**TASK STATEMENT:** Beginning at the line that contains "Автомобиль Nissan GT-R" and finishing at the line that contains "Sorvagen Brewer's Yeast", output the data below exactly. Include both end lines and no pictures.

**INFORMATION GIVEN:**
○ ○ ○ ○ ○

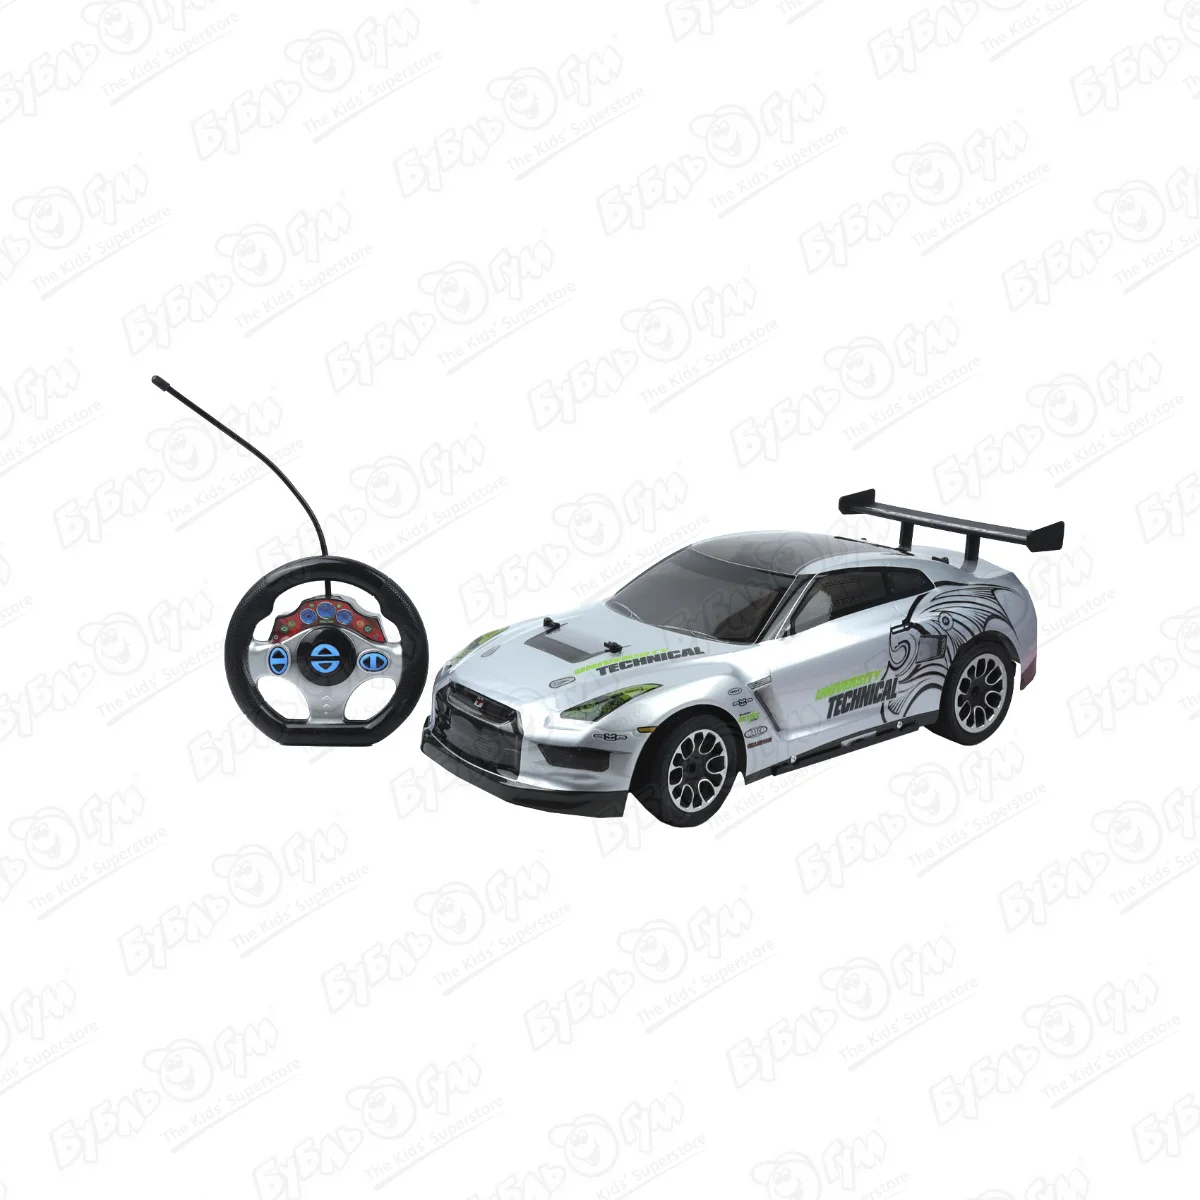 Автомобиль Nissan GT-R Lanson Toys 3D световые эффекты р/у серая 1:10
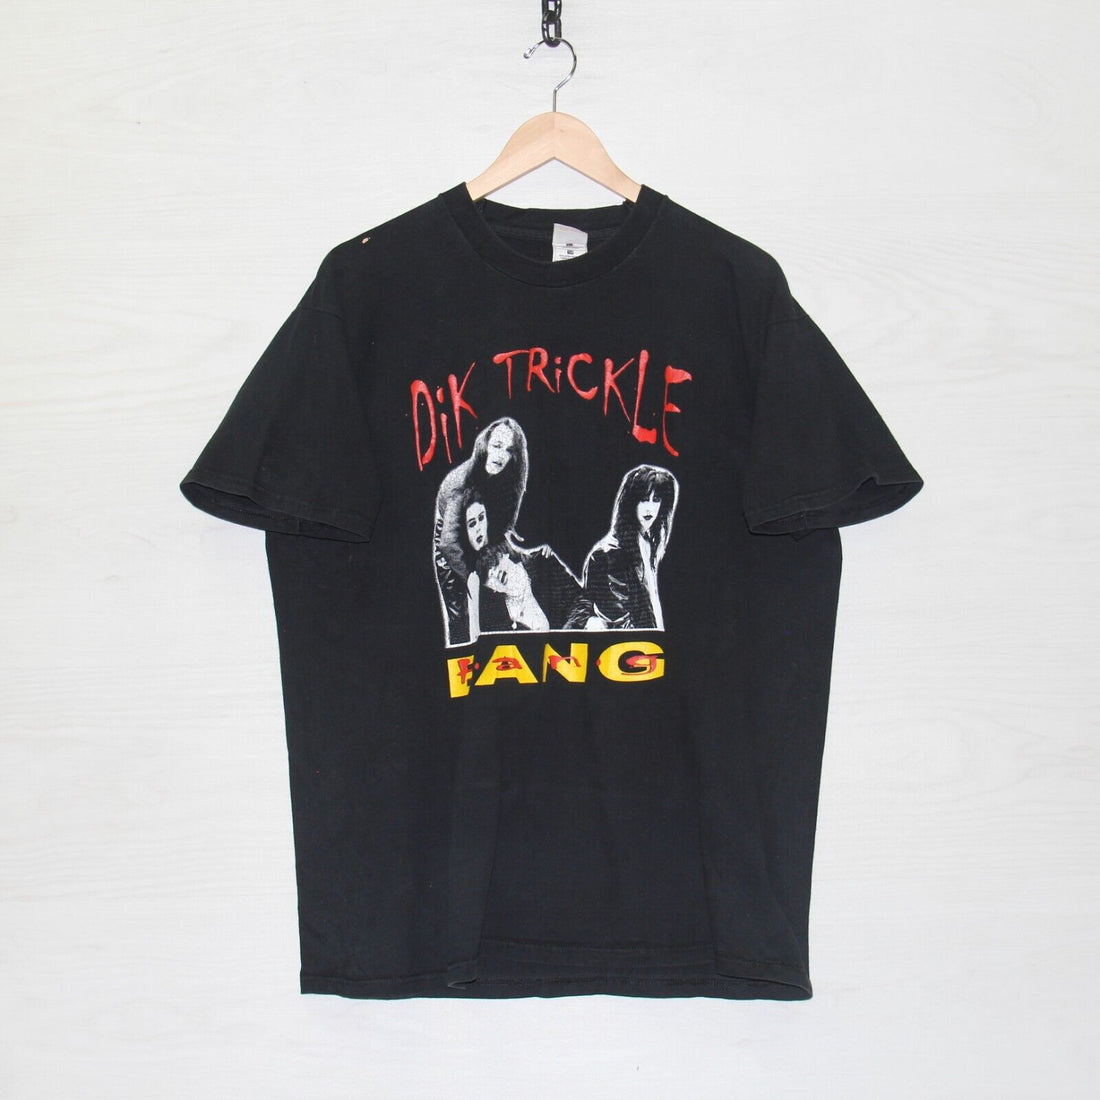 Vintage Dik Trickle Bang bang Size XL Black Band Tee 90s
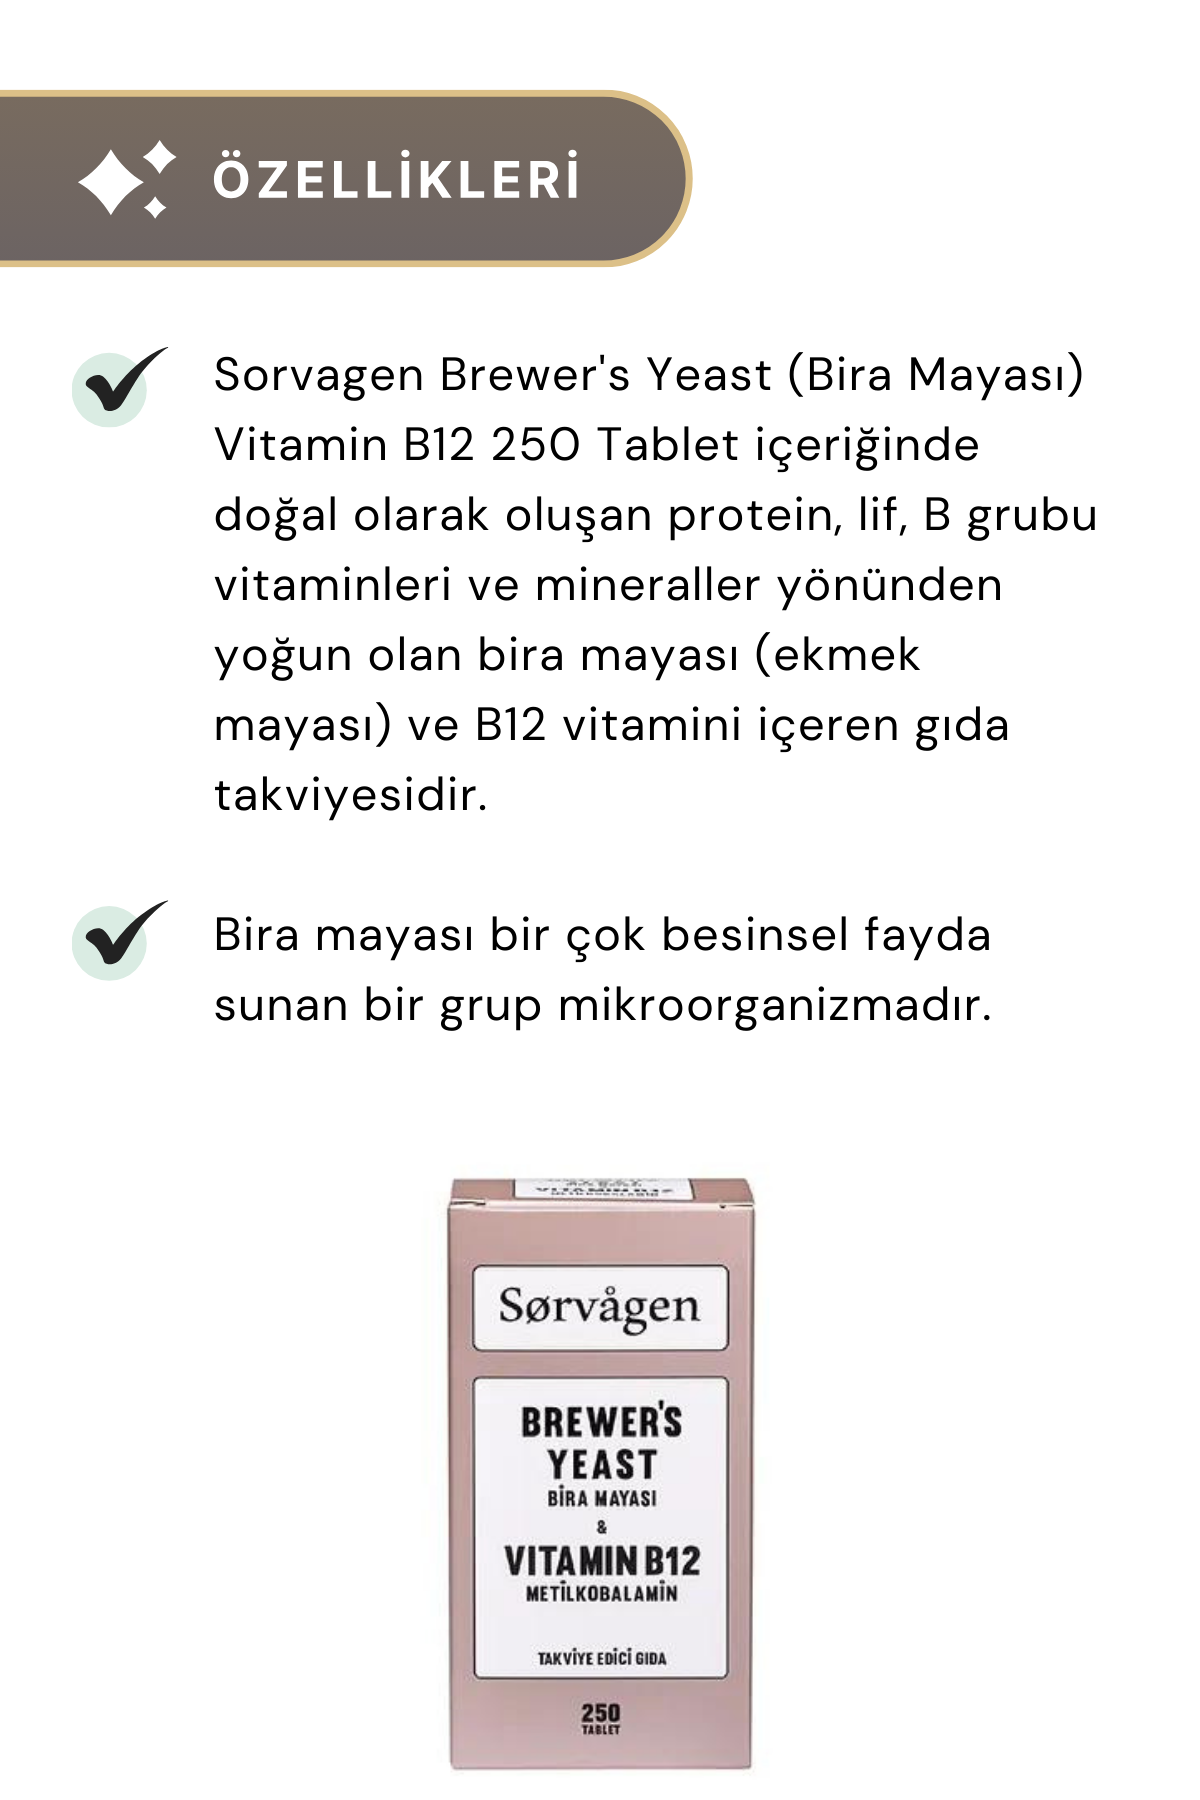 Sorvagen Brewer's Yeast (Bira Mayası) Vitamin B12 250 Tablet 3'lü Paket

○ ○ ○ ○ ○

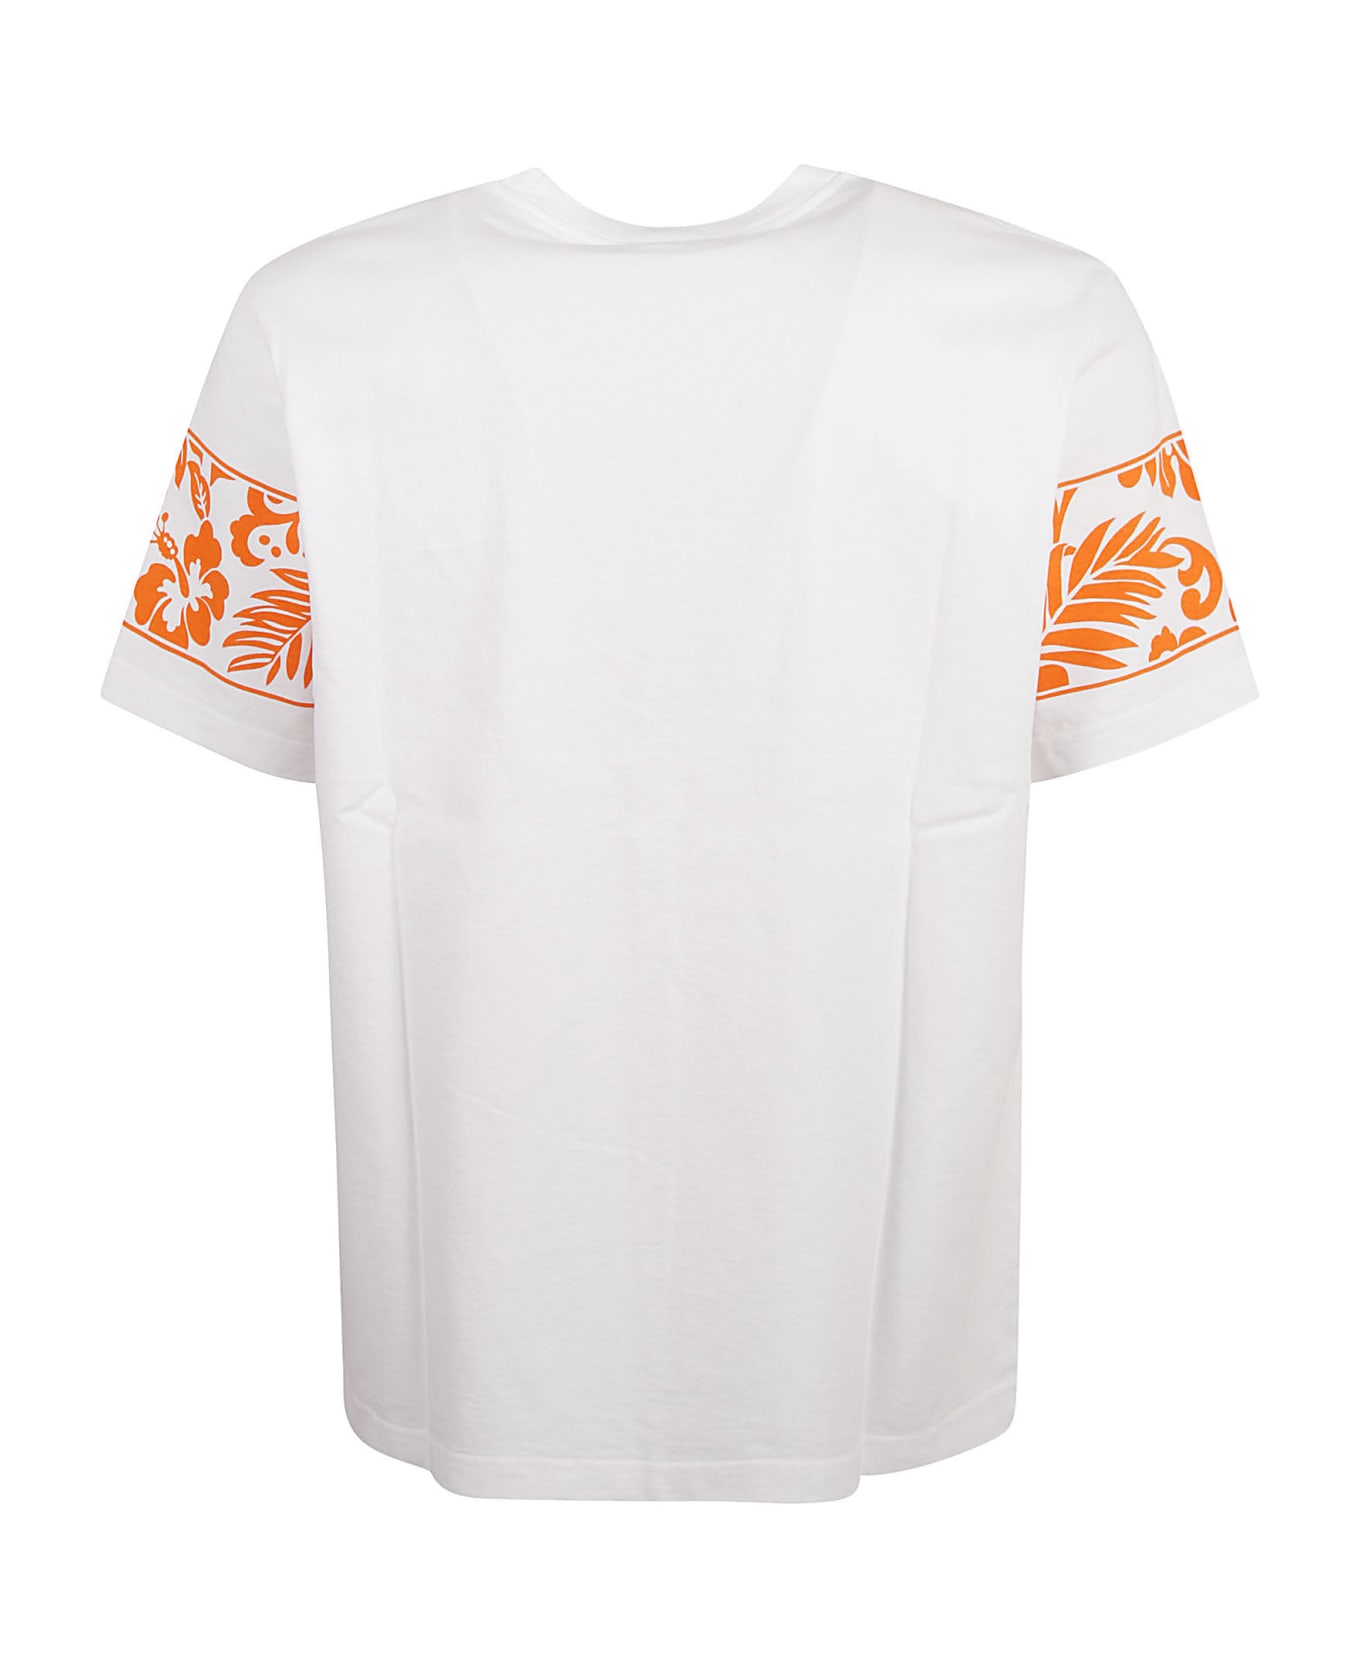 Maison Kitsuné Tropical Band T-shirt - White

○ ○ ○ ○ ○

**SOLUTION:**
 Автомобиль Nissan GT-R Lanson Toys 3D световые эффекты р/у серая 1:10
 Vintage Dik Trickle Bang bang Size XL Black Band Tee 90s
 Sorvagen Brewer's Yeast (Bira Mayası) Vitamin B12 250 Tablet 3'lü Paket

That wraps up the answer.